I’ve heard a lot of arguments that say trash talking comes with the territory of online gaming, that’s it’s just part of “what you sign up for”. While I vehemently disagree that this is necessary, I think that’s yet another topic for a separate article and will close here, simply, with a suggestion.

The next time you flag a passing stranger through the chest or cleave them down, remind yourself that they could be a future friend – or just as importantly a future enemy – and that their decision to keep playing this game could be in your hands.

Of course, some players are better than others at shrugging things off. Whether this is through sheer determination to win or simply having a thick skin, and more power to them, but it doesn’t take much to /salute after a kill, and who knows? It could have a dramatic impact on someone’s experience.

2 thoughts on “The Importance of Respect

  1. Respect is vital in all aspects of life, but is unfortunately lacking in lots of online communications. My usual stance in PvP is just to say nothing and move on, whether I win or lose. I get annoyed at others who trash talk, but usually end up pitying them more than anything, as they trash talk to big themselves up.

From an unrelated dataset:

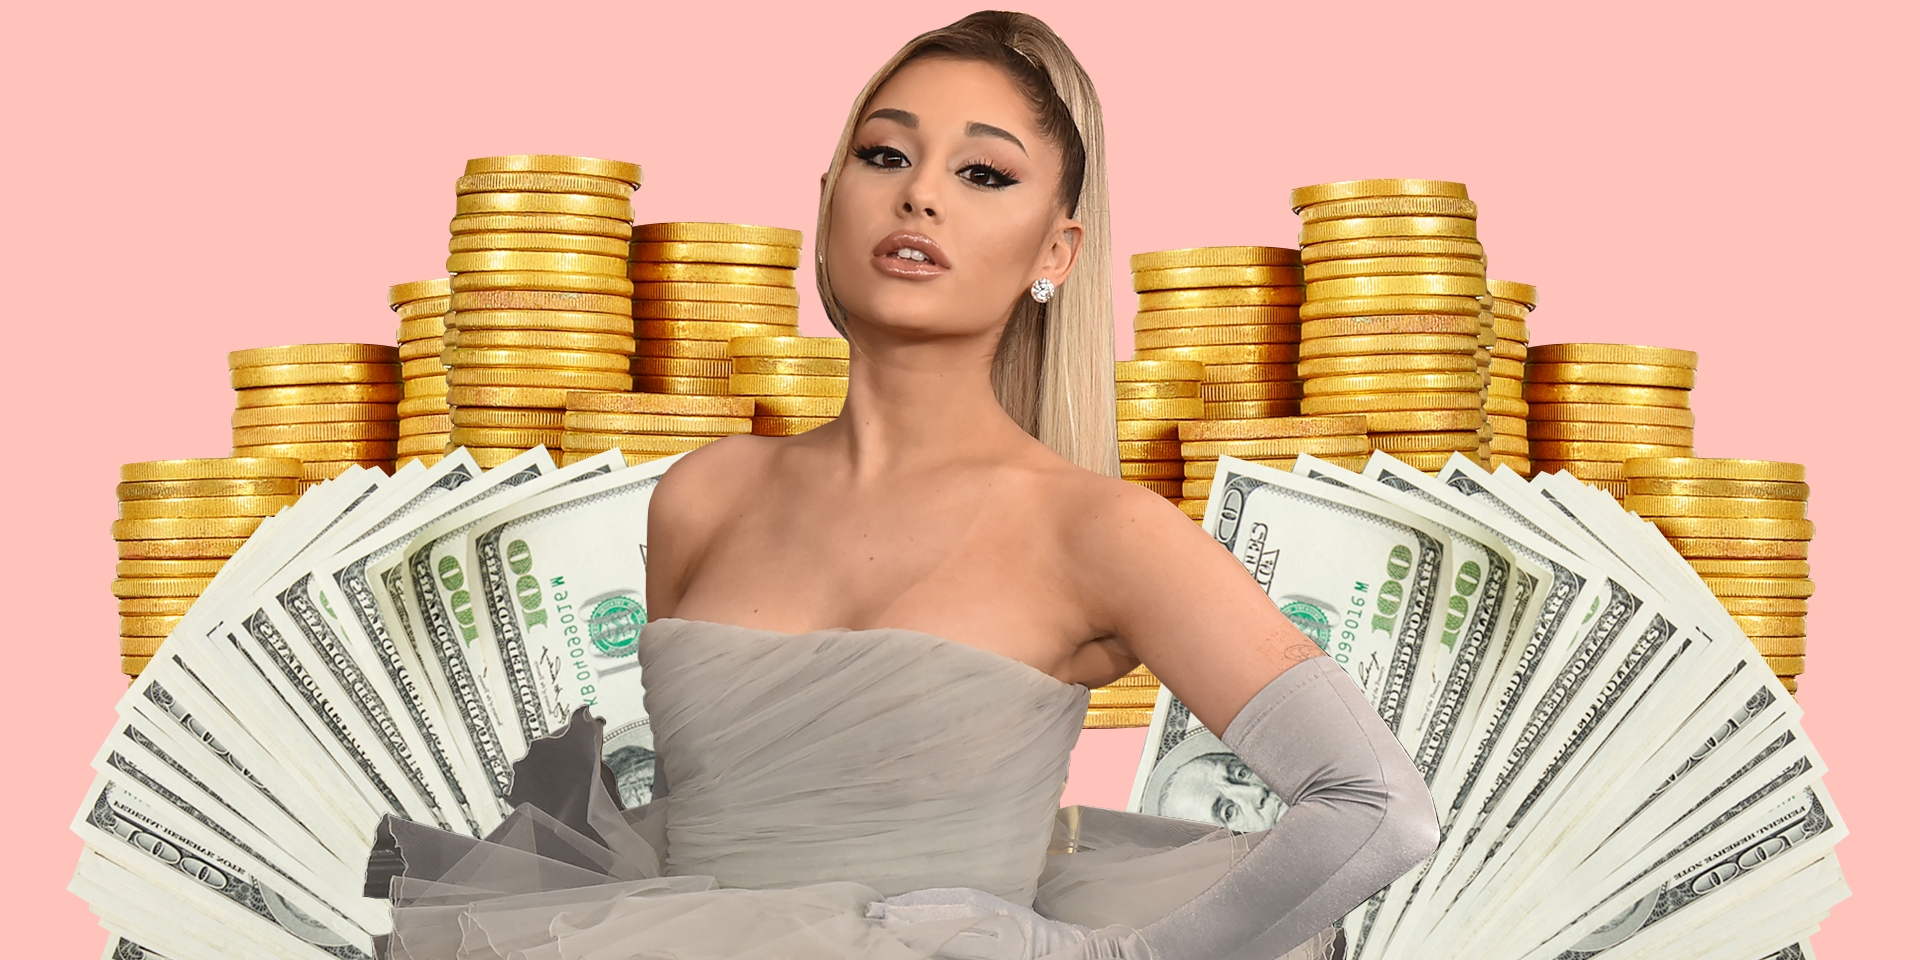 El valor neto de Ariana Grande te dejará literalmente boquiabierto

    I think the next time I’m in a close fight, I’ll “gg” the opponent, win or lose.

  2. Very nice post and a great subject to bring up.

    I usually end up /sitting in the point I was was just fighting on when winning a fight in PvP. That’s mostly to indicate though that I’ll stay there after capping it cause that’s usually my role.

    Respect is a great matter. Everything in competitive play starts from there in my opinion. Also, if someone provokes you with his actions or sayings, ignorance is your best way of avoiding conflicts and remaining calm.